People ask me all the time what it's like to have four kids. I still maintain that the adjustment from zero children to one child is the hardest. But having four 6 and under is a bit of a bear as well. Especially the two babies part. And I know I'm not the first to do this, and lots of you out there have more kids, spaced even tighter. Here's the deal-- it's a bit crazy, but I love it. And I chose it. So I'm trying hard to own it. About six years ago I started this blog. Reflecting and writing helped me realize what kind of mother I wanted to be and that if I wanted to be an awesome 'career mother,' I needed to throw myself into it the same way I had with my mission and my teaching career. Now I'm deep in the trenches and can hardly remember how life felt without four dependents. I don't know that I'd call myself awesome yet, but I'm hard at work.

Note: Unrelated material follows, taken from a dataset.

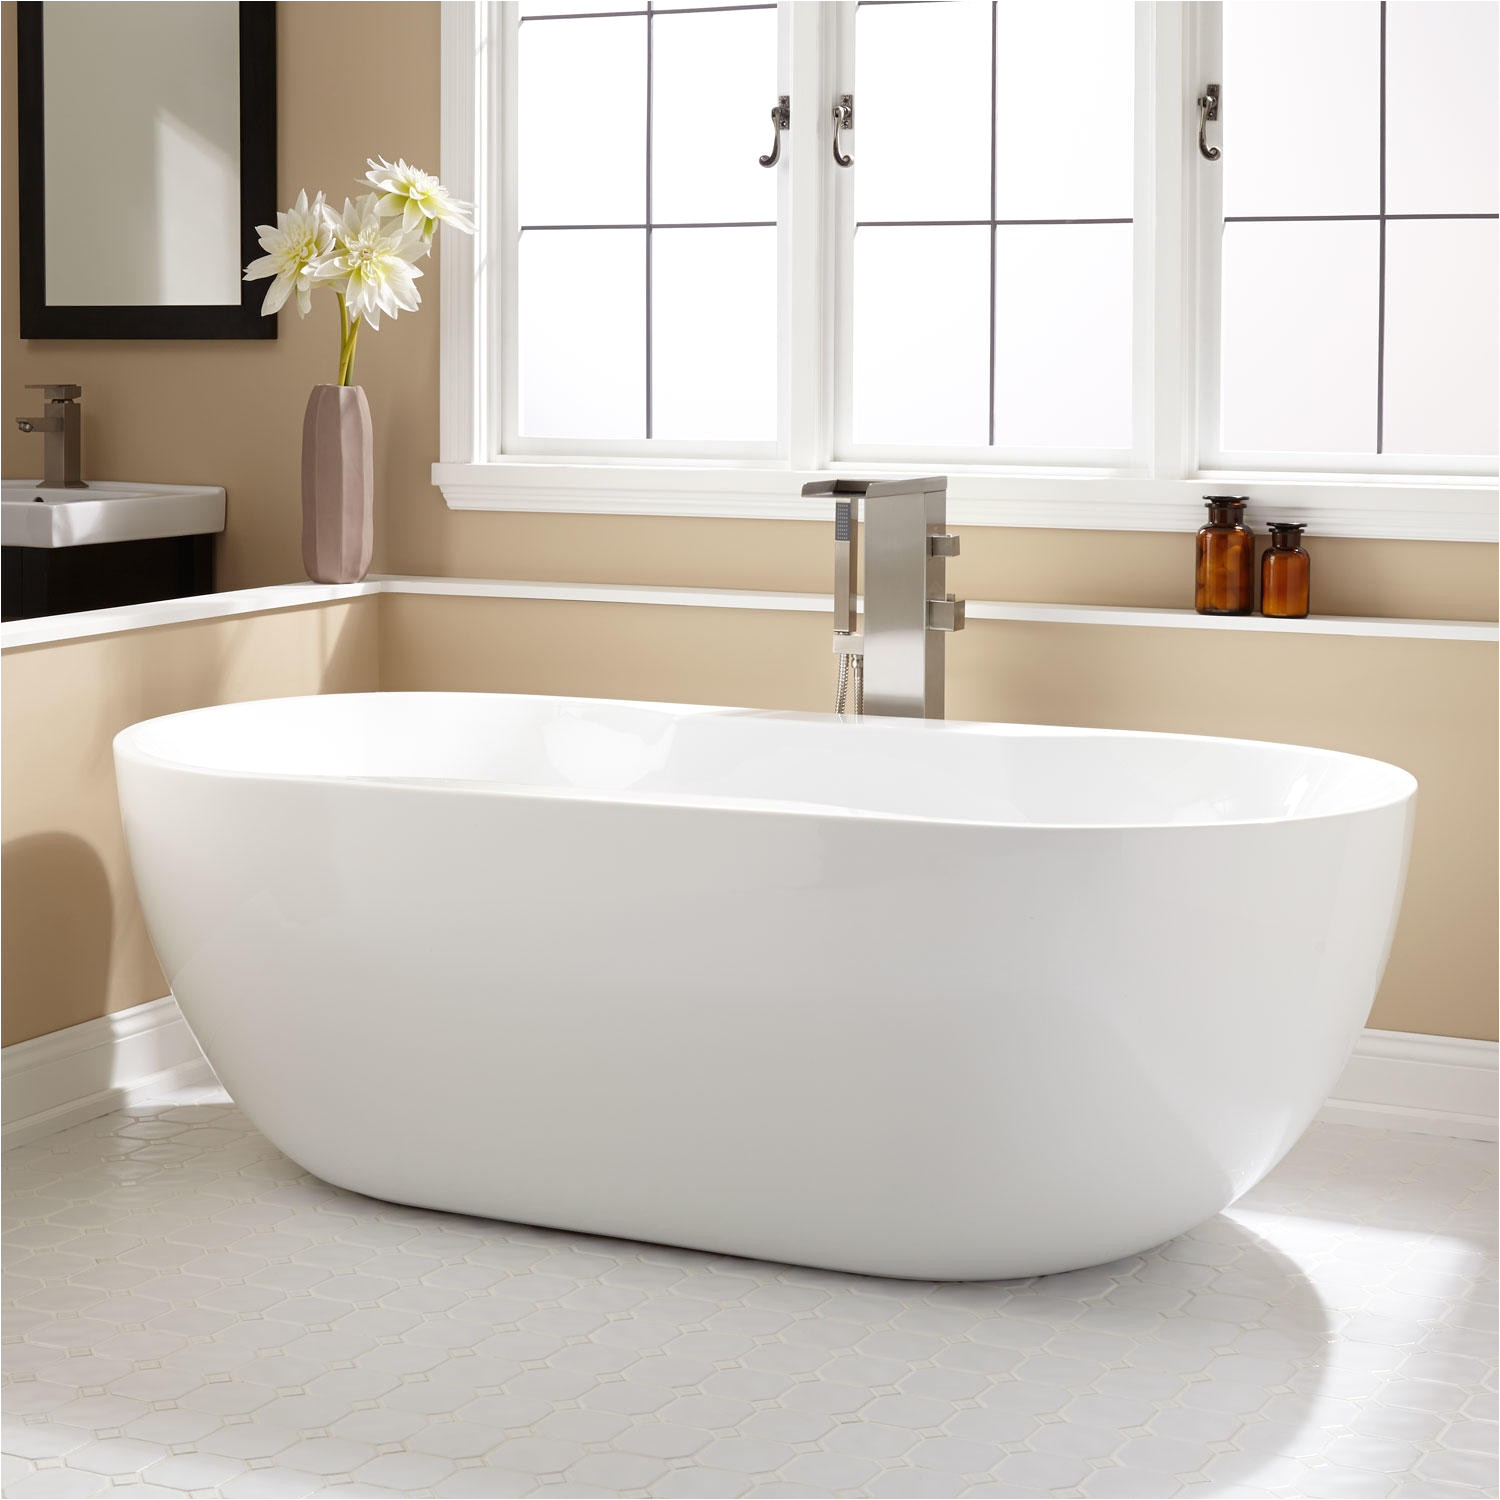 classy stainless steel bathtub for bathroom design

Thanks for reading, anyone who hasn't given up on this little blog. :)
See you next Monday morning.

Now, speaking of little families, try and watch this one with dry eyes:

5 comments:

Robyn said...

i am all for schedules! you will get so much more done (in the little time that you have)see you next monday!

Melissa said...

Good for you! I'm lousy at schedules, even though I know how to set them up and follow them. It takes discipline to follow one, and at my age, I am still learning about self-discipline. Thanks for sticking with blogging. And for the video too! That's the sixth or seventh time I've seen someone post it, so this morning I clicked on yours to watch. I'm so glad I did. Have a great week.

Christina said...

I can so relate to your thoughts on 4 kids. Zero to 1 was definitely the most difficult, but 4 has thrown me for a loop. I still love reading your posts, Anne! I'm looking forward to a weekly dose of blog from you!

Heidi Cloward said...

Anne! You are such a great example! Keep working hard!

Kate said...

love this. good job anne!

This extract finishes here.